- Decades:: 2000s; 2010s; 2020s;
- See also:: Other events of 2026; Timeline of Kenyan history;

= 2026 in Kenya =

The following is a list of events of the year 2026 in Kenya, as well as predicted and scheduled events that have not yet occurred.

== Incumbents ==
- President: William Ruto
- Deputy President: Kithure Kindiki
- Chief Justice: Martha Koome

== Events ==
===January===
- 2 January – A multi-storey building under construction collapses in Nairobi's South C area, trapping at least two people and causing fatalities.
- 3 January – President Ruto says the government will introduce new legislation making drug and illicit alcohol trafficking a capital offence.
- 26 January – Al-Shabaab terrorists kill a local chief and a teacher in Hulugho, Garissa County.
- 30 January – KOKO Networks announces its closure, citing the government's failure to authorize carbon credits and import permits for bioethanol made from molasses.

===February===
- 2 February – A Matatu strike paralyzes transport in Nairobi.
- 3 February – The Tax Appeals Tribunal rules that the Kenya Revenue Authority (KRA) is legally entitled to treat unexplained bank deposits and mobile money transfers, payments or deposits, such as those via M-pesa, as taxable income unless the taxpayer proves otherwise with documentary evidence.
- 3 February – Independent Electoral and Boundaries Commission CEO and Commission Secretary, Marjan Hussein Marjan resigns from office ahead of the 2027 General Elections.
- 4 February – President Ruto announces income tax exemptions for individuals earning KSh30,000 and below per month (approximately $233), and a 25% tax reduction for those earning up to KSh50,000 (about $388).
- 11 February – Orange Democratic Movement National Executive Committee (NEC) attempts to remove Edwin Sifuna as party Secretary-General.
- 16 February – A strike is held by workers at Jomo Kenyatta International Airport in Nairobi following a dispute over the implementation of a collective bargaining agreement.
- 17 February – The government unveils a national carbon registry.
- 26 February – Festus Omwamba is charged at the Kahawa Law Courts in Kiambu with human trafficking, after recruiting and sending Kenyan youths to fight for the Russian Armed Forces in the war with Ukraine.
- 27 February – United Democratic Alliance (Kenya) wins Isiolo South Constituency, Evurore ward and Muminji by-elections which were previously held by Jubilee, an independent and Devolution Empowerment Party (DUP) parties respectively.
- 28 February – Six people are killed when an Airbus Helicopters H175 crashes in Mosop Constituency, Nandi County.
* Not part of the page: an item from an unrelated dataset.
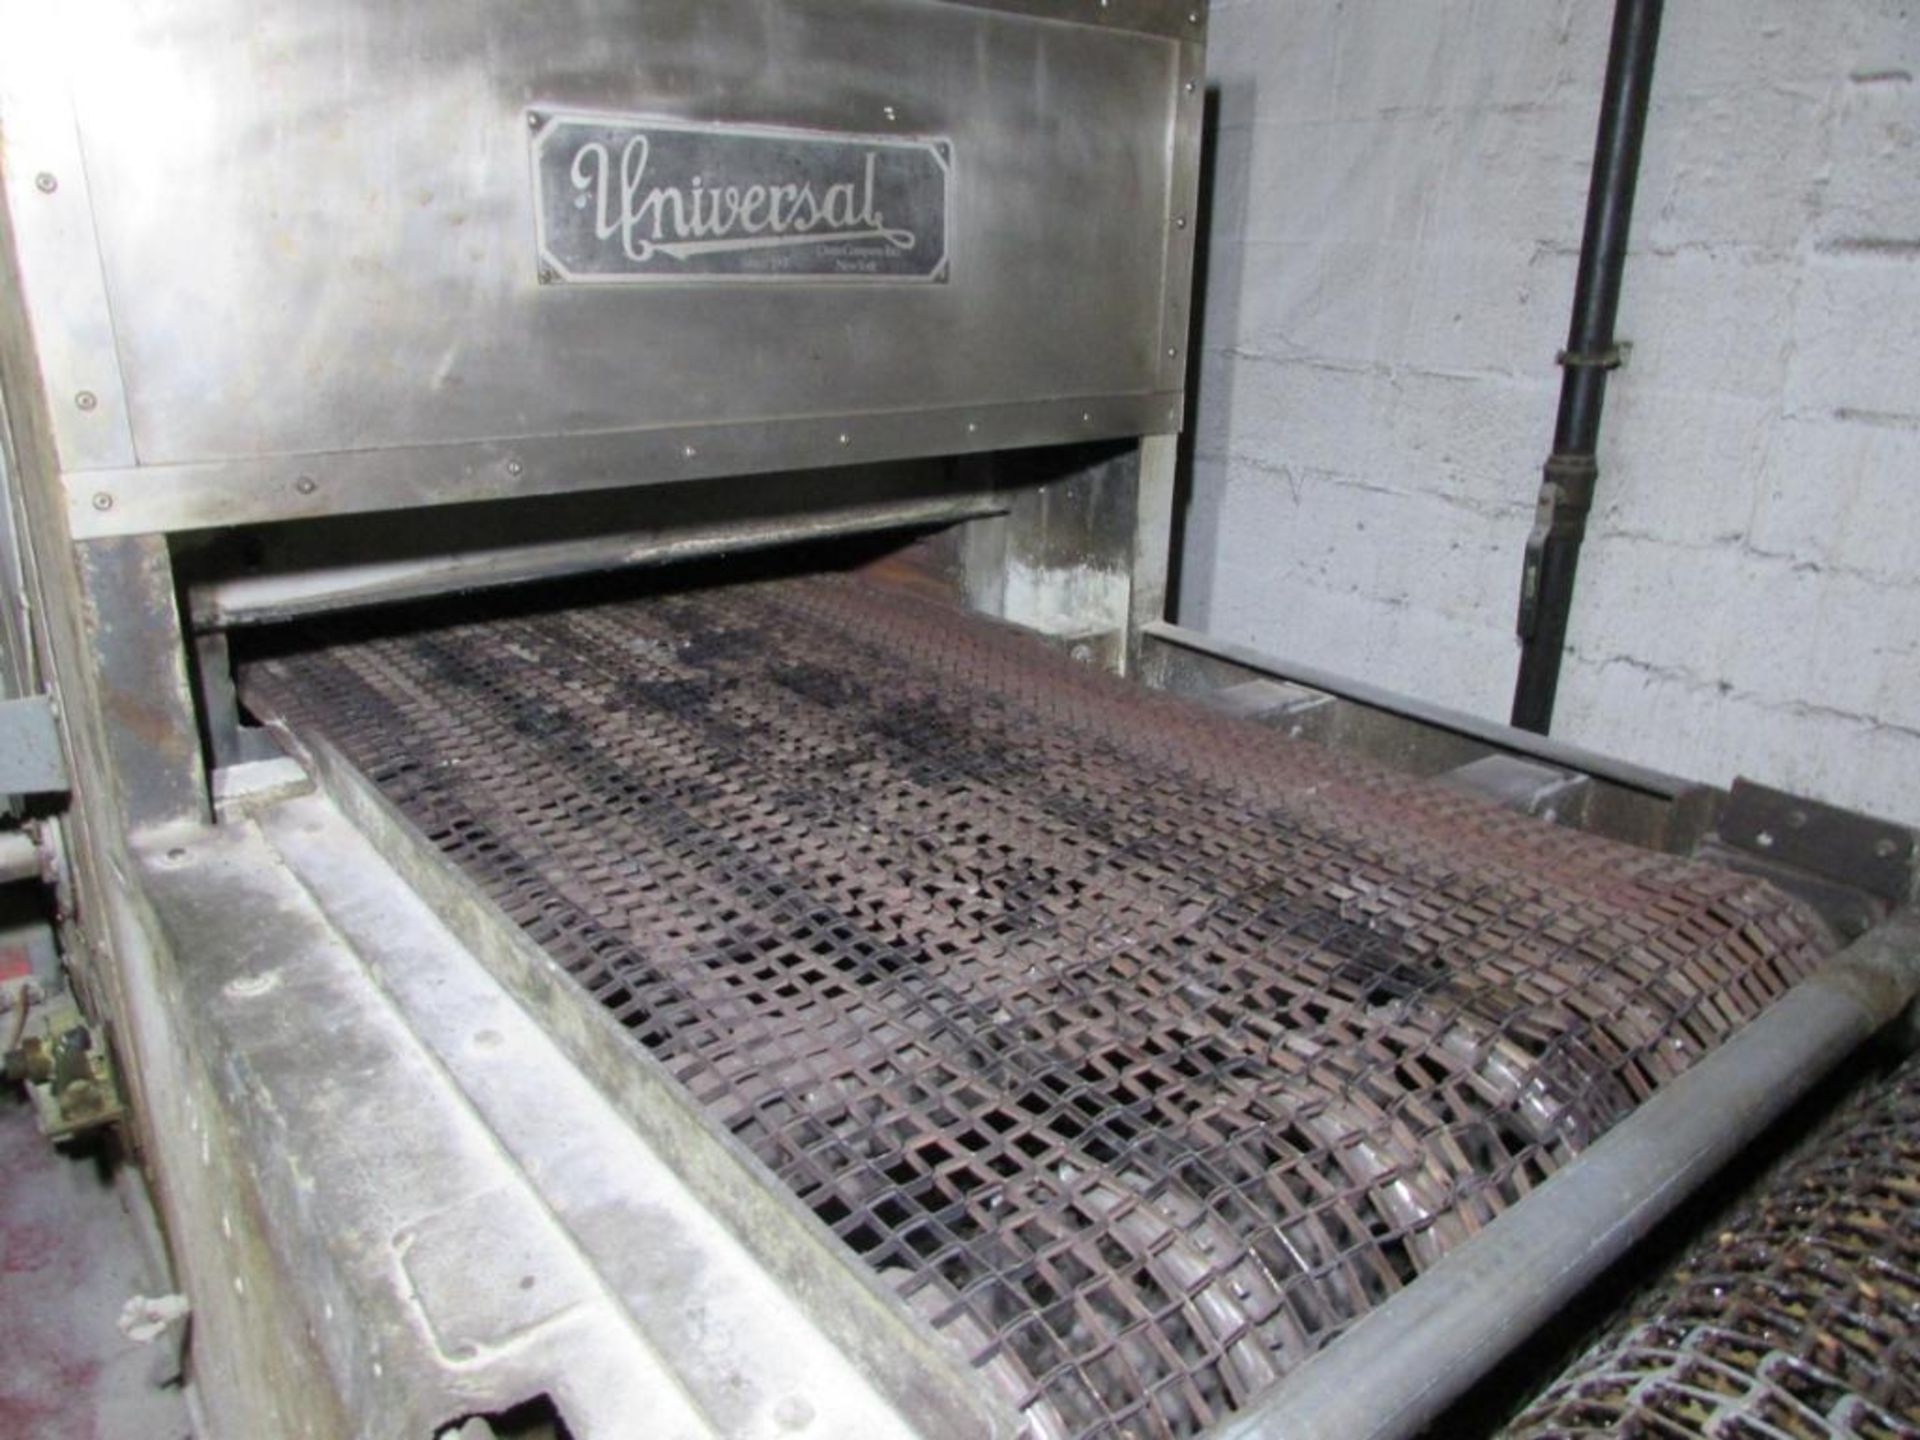 Universal 50'x3' Natural Gas Conveyor Tunnel Oven - Image 3 of 17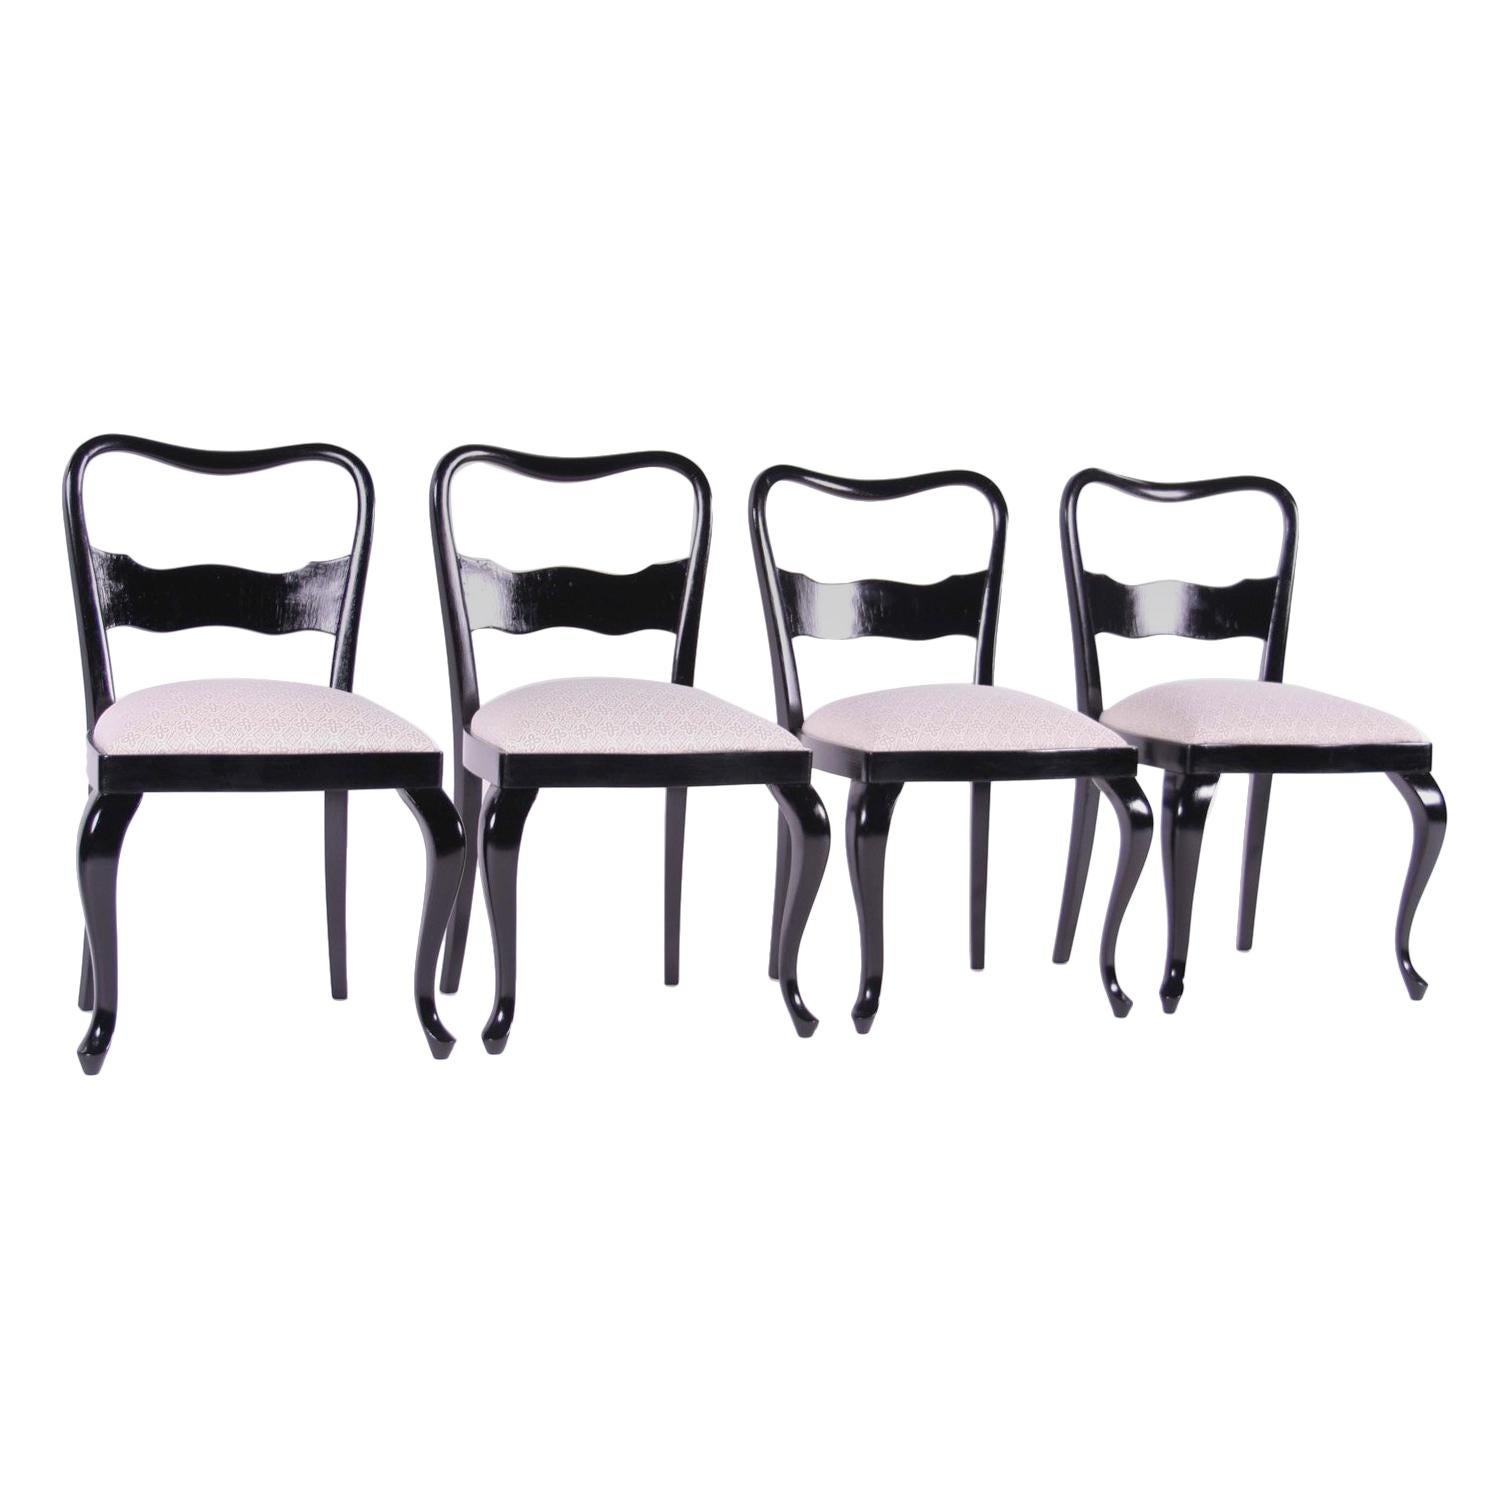 Czech Historism Design Black and White Dining Chairs For Sale

MP Johana Ng'eno is among the victims.

===March===
- 1 March – Alliance High School (Kenya) marks its centenary in a ceremony attended by President Ruto.
- 7 March – At least 45 people are killed in overnight flooding caused by heavy rains across the country with 23 in Nairobi alone.
- 10 March – A Chinese national is arrested at Jomo Kenyatta International Airport in Nairobi while attempting to leave Kenya with 2,238 live garden ants concealed in his luggage.
- 12–15 March – WRC Safari Rally Kenya, a round of the 2026 World Rally Championship.
- 13 March – A court in Nairobi convicts six people in a robbery with violence case linked to the 2015 killing of George Muchai and his bodyguards; one of the accused is acquitted due to insufficient evidence.
- 16 March – A building collapses during a botched demolition in Shauri Moyo, Nairobi, killing four people.
- 19 March – The government restarts the building of the China-backed Standard Gauge Railway extension, after a six-year construction pause.
- 22 March – A mass grave, discovered in Kericho town, containing 14 individuals buried on 19 March. It is believed to be part of a larger, illicit burial site containing roughly 70 bodies buried over several months without government or landowner permission.
- 28 March –
  - 2026 Kenya floods: At least 108 people are killed after multiple weeks of flooding across the country.
  - A truck and a minibus collide along the Nyeri-Nyahururu road in Nyeri County, killing 16 and injuring 10.
- 30 March – Albert Korir, winner of the 2021 New York City Marathon, is banned for five years by the Athletics Integrity Unit after admitting to the use of the banned substance EPO following an out-of-competition test.

=== April ===
- 2 April – Foreign Affairs Minister Musalia Mudavadi reports that 16 Kenyans are missing in Russia, after being recruited to fight for the Russian Armed Forces in Ukraine, while 38 others are currently hospitalized in Russia under restricted access.
- 11 – 15 April – Kenya hosts the inaugural 2026 FIFA Women’s Series.
- 20 April – John Korir wins the men’s race at the Boston Marathon for the second consecutive year, setting a new course record of 2:01:52.
- 27–29 April – World Health Summit Regional Meeting 2026, held at the United Nations Office at Nairobi (UNON).
- 26 April – Sabastian Sawe officially breaks the 2-hour barrier for a marathon at the 2026 London Marathon.

===May===
- 1 May – China lifts tariffs on imports from Kenya until 2028.
- 11–12 May – Kenya hosts the first anglophone edition of the Africa Forward Summit.
- 18 May – Four people are killed, transportation paralyzed and more than 30 injured during nationwide protests and a public transport strike over sharp fuel price increases, linked to global supply pressures caused by the 2026 Iran war.
- 20 May – The High Court decriminalizes consensual under-age sexual relationships following a case involving the arrest of a 17-year old minor found living with his 16-year-old partner.
- 24 May – The Kenya Wildlife Marathon and Half-Marathon takes place.
- 25 May – Fuel price hike protests resume after a week's pause, leaving one person shot dead by the police in Nyeri.
- 28 May – Sixteen children are killed in a fire at a boarding school in Gilgil. Authorities subsequently arrest eight students on suspicion of involvement in the alleged arson attack.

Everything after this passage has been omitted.